When reading source material for a game what factors do you as a player or GM do you see as important?

When reading though source material was there ever the moment of, "OH I get it now that's what the designer thought," if so how did that make you as a player or GM feel? (Turned away or pulled in or both by different executions)   

Is there ever a point where there is too much world detail or moodiness that the setting becomes unattractive? (Please name some examples)

As game designers what have you done to integrate the setting and/or flavor you pictured into the source materials of your game?

Jack Aidley

Hi Certified (do you have a real name we can call you by?),

I don't think we can answer your question, just as I we can't answer the question: which tastes better strawberries or raspberries. It's a matter of taste, and opinion. So your questions come down to nothing more than a straw poll and polls are something I don't the Forge usually does.

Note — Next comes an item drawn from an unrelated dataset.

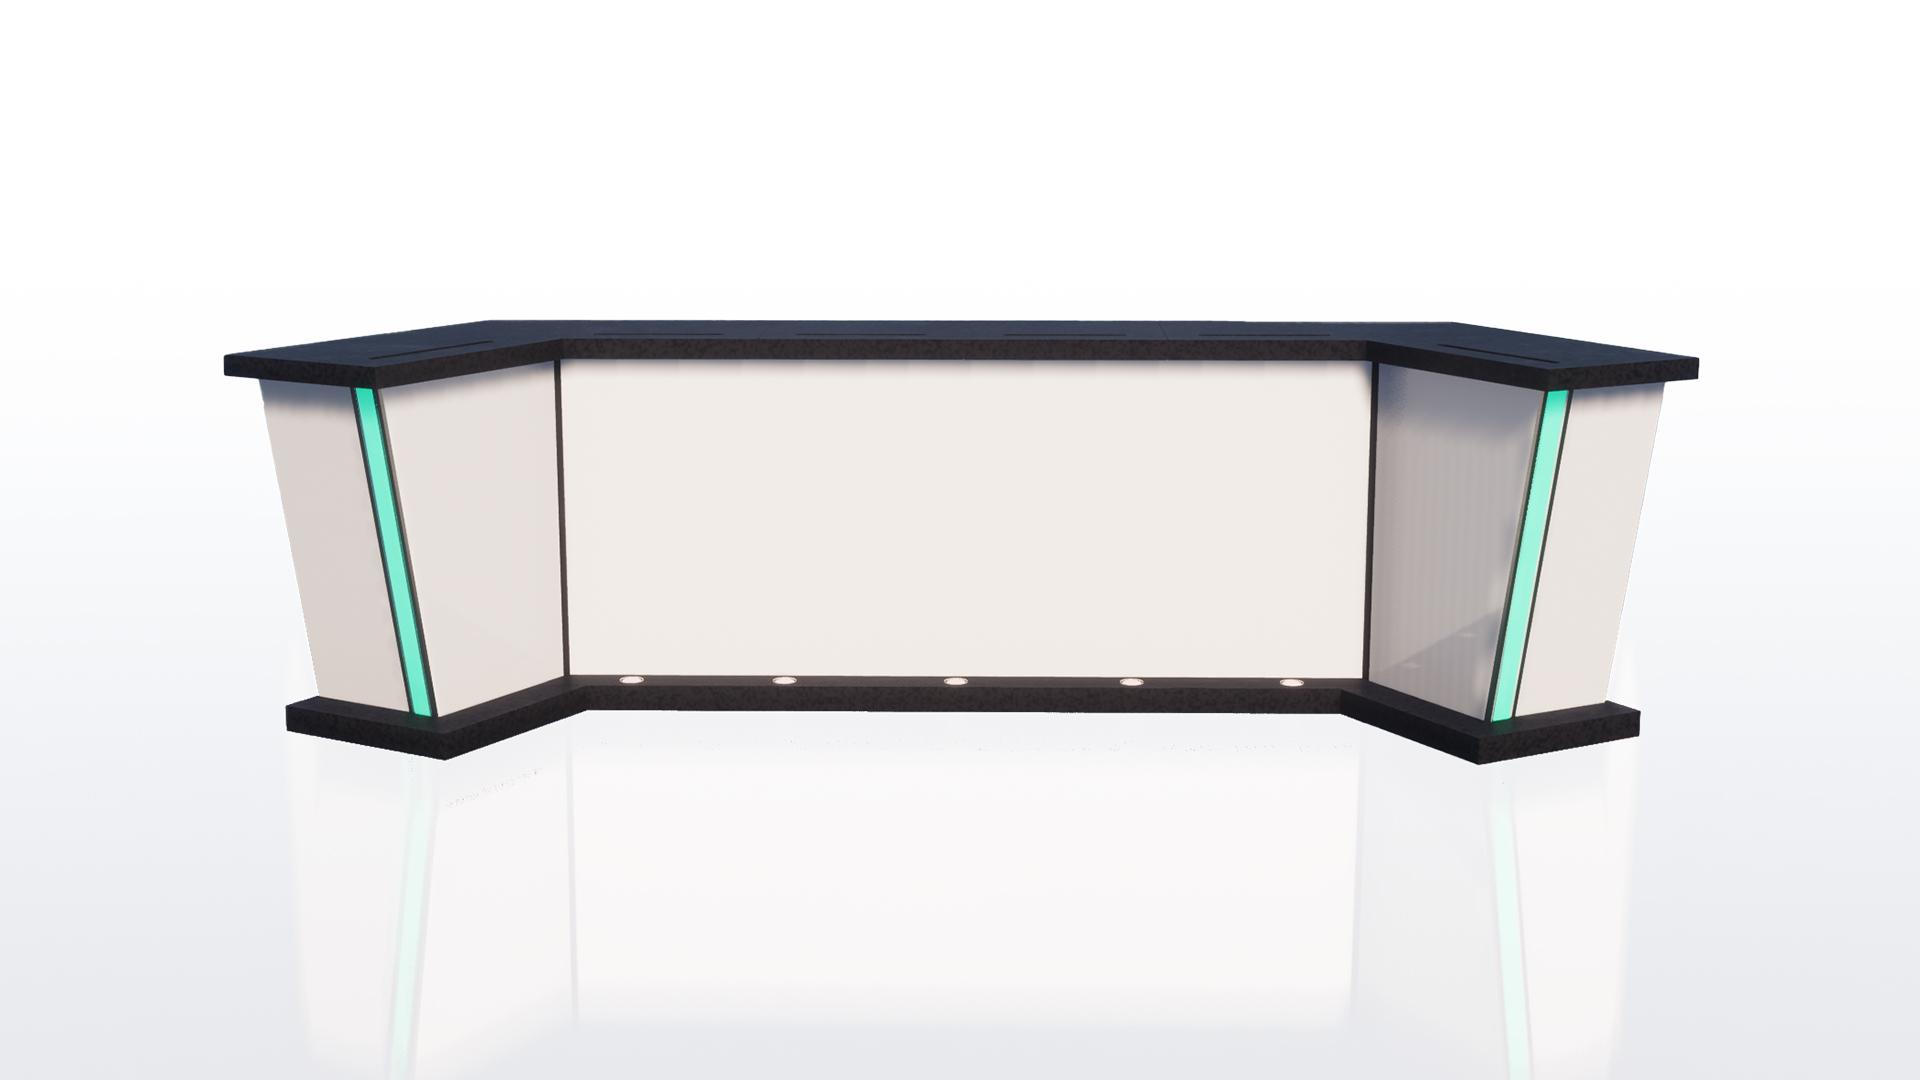 Versa Pro Modular Broadcast Desk

Ultimately it's for you when designing your game to design the game you want; the only matters of taste and opinion you should be listening to are your own.
- Jack Aidley, Great Ork Gods, Iron Game Chef (Fantasy): Chanter

Lamorak33

Hi

I am a game customer not a game designer, but customer feedback is good right? Moderators will direct me if this is me actually engaging in the poll (which is not my intention)

Quote from: Certified on October 28, 2005, 05:26:03 AM

When reading source material for a game what factors do you as a player or GM do you see as important?


It got to have something unique that inspires people to play. When I played D&D it was because I wanted to have adventures like the ones in the fantasy books like LoTR and all those corny and not so corny movies in the late 70's early 80's.

When I discovered Runequest, it was about a world that struck a mythic cord in me, maybe in the way the first Star Wars film did to people in general. Pendragon hooked me through my fascination with Arthurian tragedy.

Then we get to games that have an interesting premise or theme, like Vampire:TM 'Monsters we are lest monsters we become', or more lately Sorcerer 'What would you sacrifice on the road to power'. The other one that has caught my eye has been Dogs in the Vineyard, but I haven't played that yet.

These games vary greatly in the amount of setting information available. For me the rules always came second, but I have since learnt that 'system does matter'

I would however agitate against the WoD model, which feels like a complete rip off, what with clan books and all that baloney. But each to his own.....

Quote from: Certified on October 28, 2005, 05:26:03 AM

When reading though source material was there ever the moment of, "OH I get it now that's what the designer thought," if so how did that make you as a player or GM feel? (Turned away or pulled in or both by different executions)


I never really think about what the designer is trying to communicate, which may be low brow of me. I am only interested in 'is this going to be fun or interesting to play out, whether that be exploration of the setting, to answering the premise.

Quote from: Certified on October 28, 2005, 05:26:03 AM

Is there ever a point where there is too much world detail or moodiness that the setting becomes unattractive? (Please name some examples)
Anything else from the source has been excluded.